Recent research from UCLA reveals intriguing insights into muscle aging through studies conducted on mice. The findings suggest that as muscles age, their stem cells accumulate elevated levels of a specific protein, which impedes their ability to activate and repair damaged tissue. Interestingly, this same protein also enhances the cells' survival in the challenging environment of aging muscles.
Published in the journal Science, the study introduces a transformative perspective on aging. Dr. Thomas Rando, the study's senior author and director of the Eli and Edythe Broad Center of Regenerative Medicine and Stem Cell Research at UCLA, states, "This has led us to a new way of thinking about aging." He emphasizes that while some biological changes associated with aging may seem detrimental, they could actually serve as built-in survival mechanisms.
The Role of NDRG1 in Muscle Repair
The research team, led by postdoctoral scholars Jengmin Kang and Daniel Benjamin, examined muscle stem cells from both young and older mice. They discovered that a protein known as NDRG1 significantly increased with age, reaching levels 3.5 times higher in older cells compared to younger ones. NDRG1 functions as a brake within the cell, inhibiting a signaling pathway called mTOR, which is crucial for cell activation, growth, and tissue repair.

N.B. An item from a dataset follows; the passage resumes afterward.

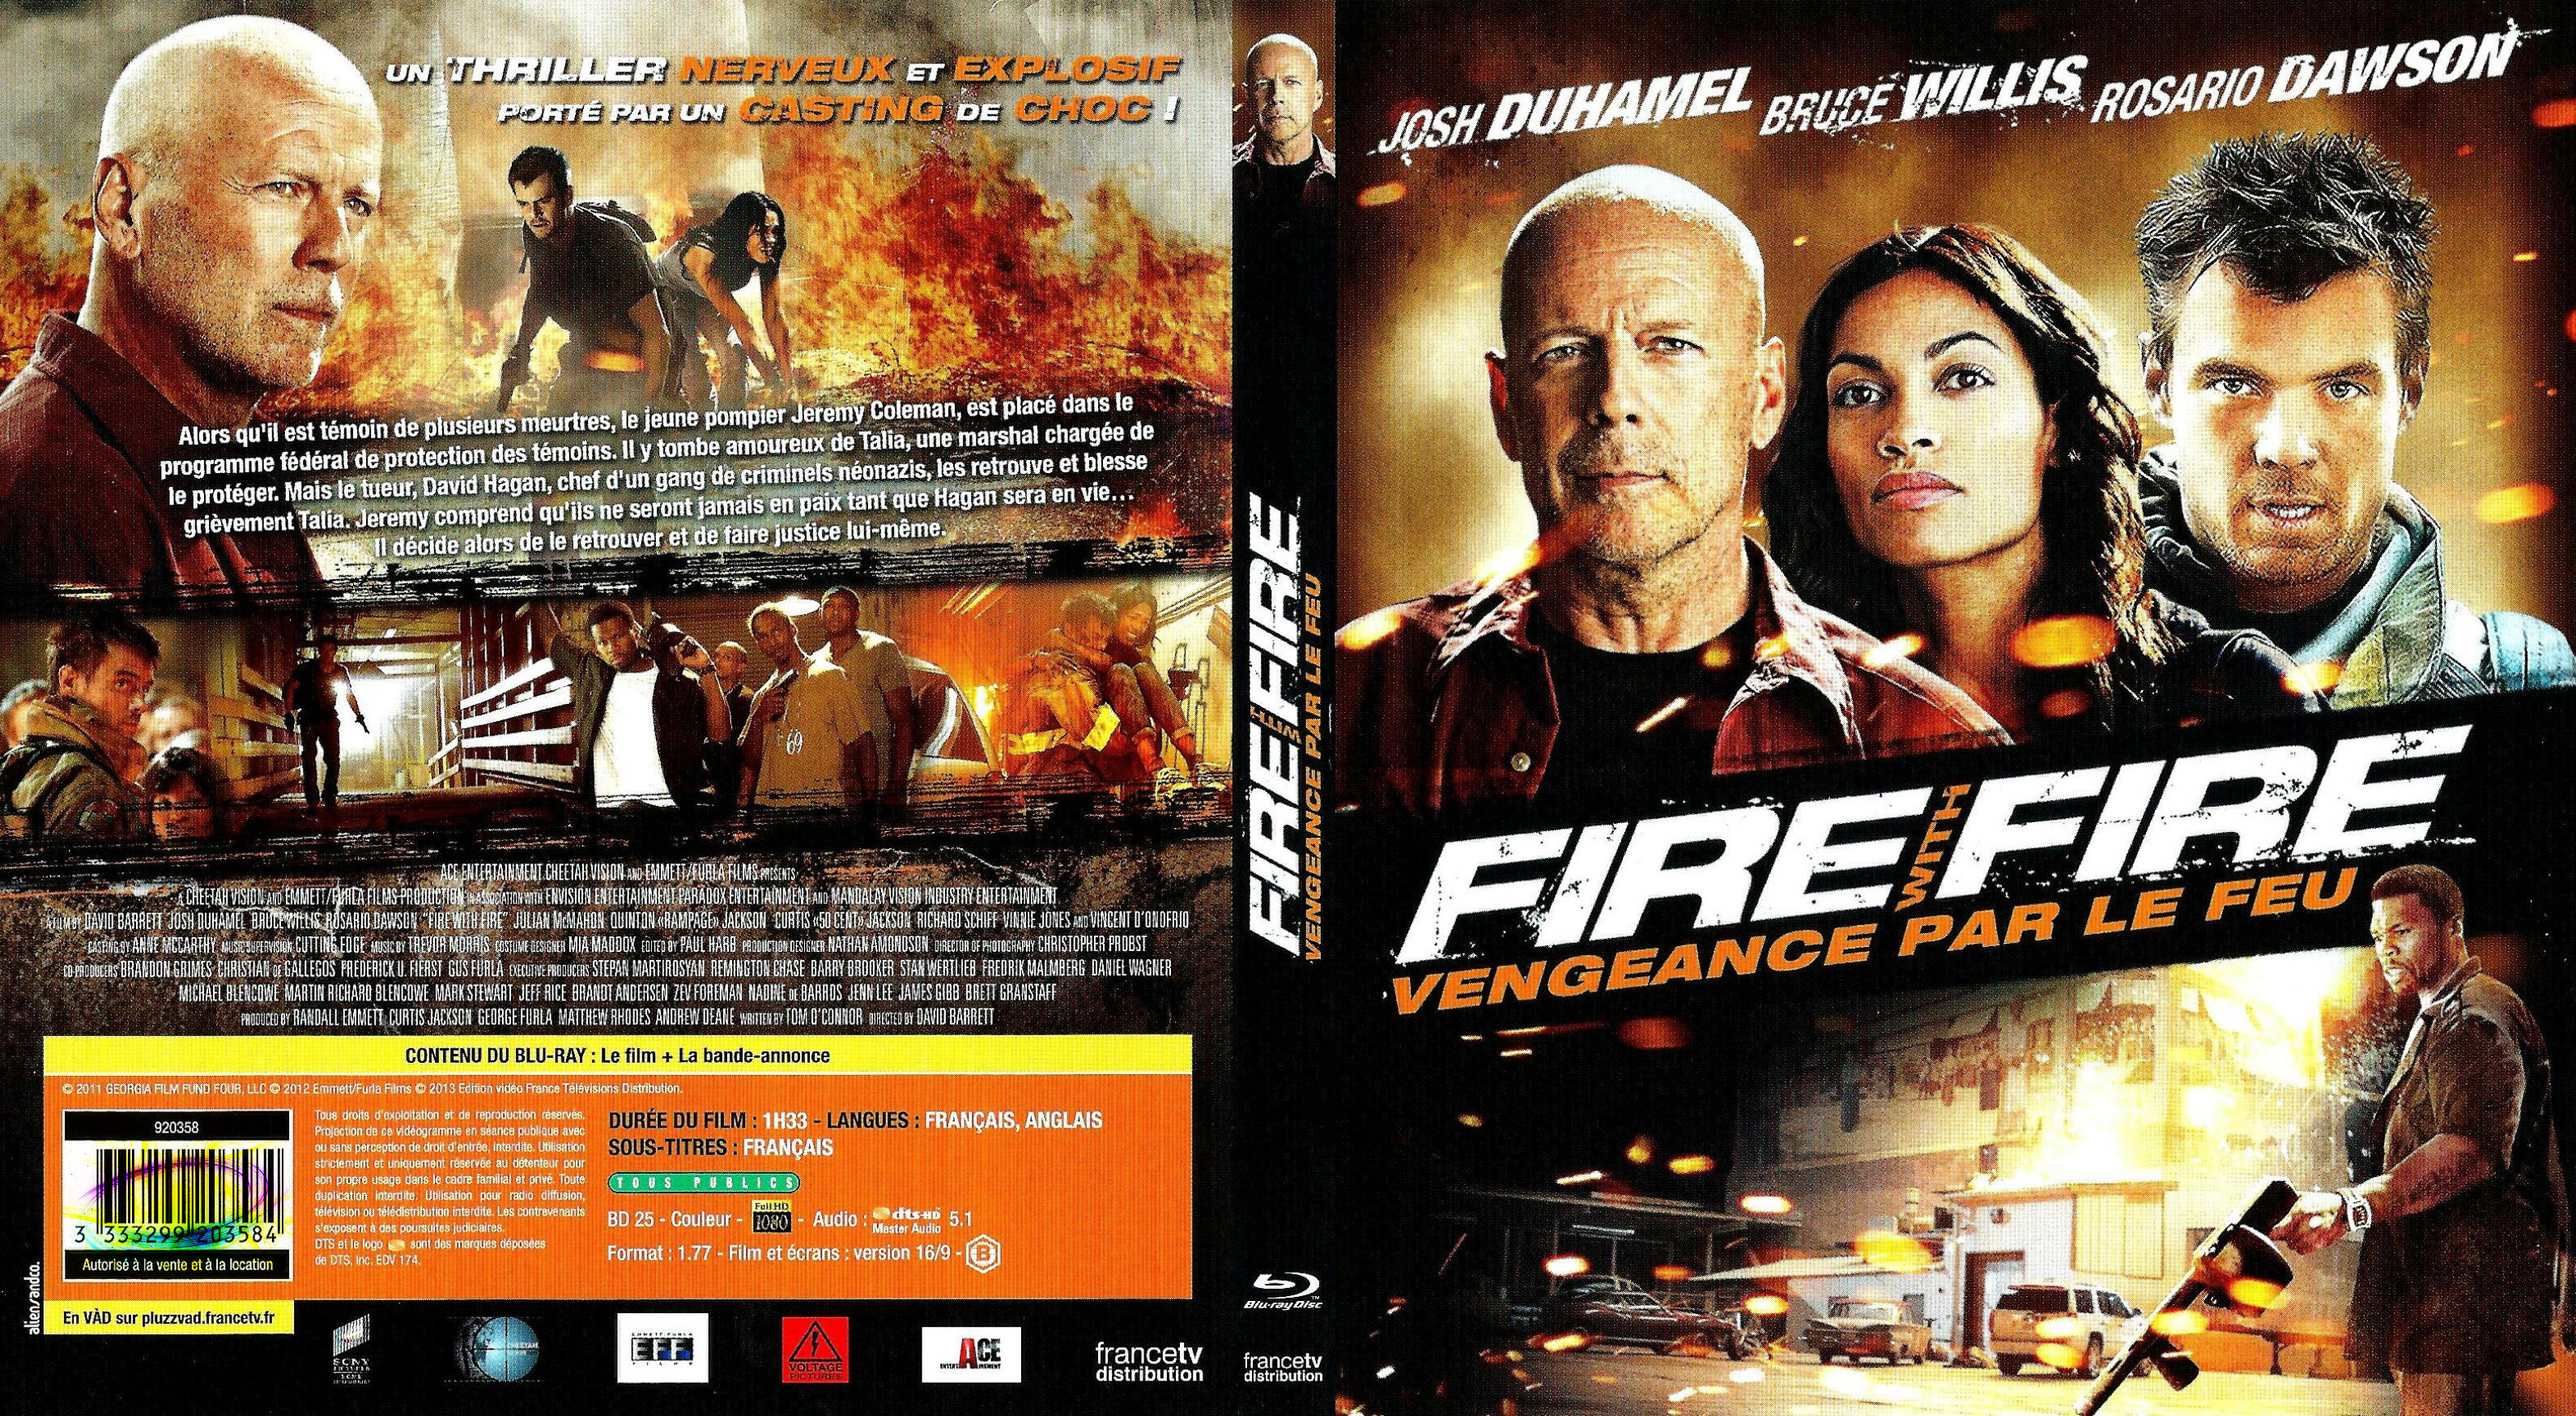 Jaquette DVD Fire with Fire vengeance par le feu (BLU-RAY)

To assess the impact of NDRG1 on muscle healing, the scientists allowed the mice to age naturally to an equivalent of approximately 75 human years before inhibiting NDRG1 activity. The results were striking; the older muscle stem cells began to function more like their younger counterparts, activating more swiftly and enhancing muscle repair.
Balancing Rejuvenation and Longevity
However, this rejuvenation came with a trade-off. Blocking NDRG1 resulted in a decrease in the long-term survival of muscle stem cells, subsequently diminishing the muscle's regenerative capacity following repeated injuries. Dr. Rando likens this phenomenon to the difference between marathon runners and sprinters. While young stem cells are adept at quick responses, older stem cells excel in endurance, albeit at the cost of speed.
The consistency of their findings was confirmed through various methodologies, revealing that higher NDRG1 levels slow stem cell activation and muscle repair while simultaneously enhancing long-term cell survival.
A New Perspective on Aging
The researchers propose that the increased levels of NDRG1 signify a "cellular survivorship bias." Over time, stem cells that do not produce sufficient NDRG1 are more likely to perish, leaving behind cells that, while slower to respond, are better equipped to endure the stresses of aging.
Dr. Rando compares this shift to the survival strategies seen in nature, where organisms prioritize resilience over reproduction during challenging times. This research could pave the way for innovative therapies aimed at enhancing muscle regeneration in older adults, though Rando warns that improving stem cell functionality may come with inherent costs.
The team intends to delve deeper into how the balance between survival and regeneration is regulated at the molecular level, as this understanding could be pivotal for both species evolution and tissue aging.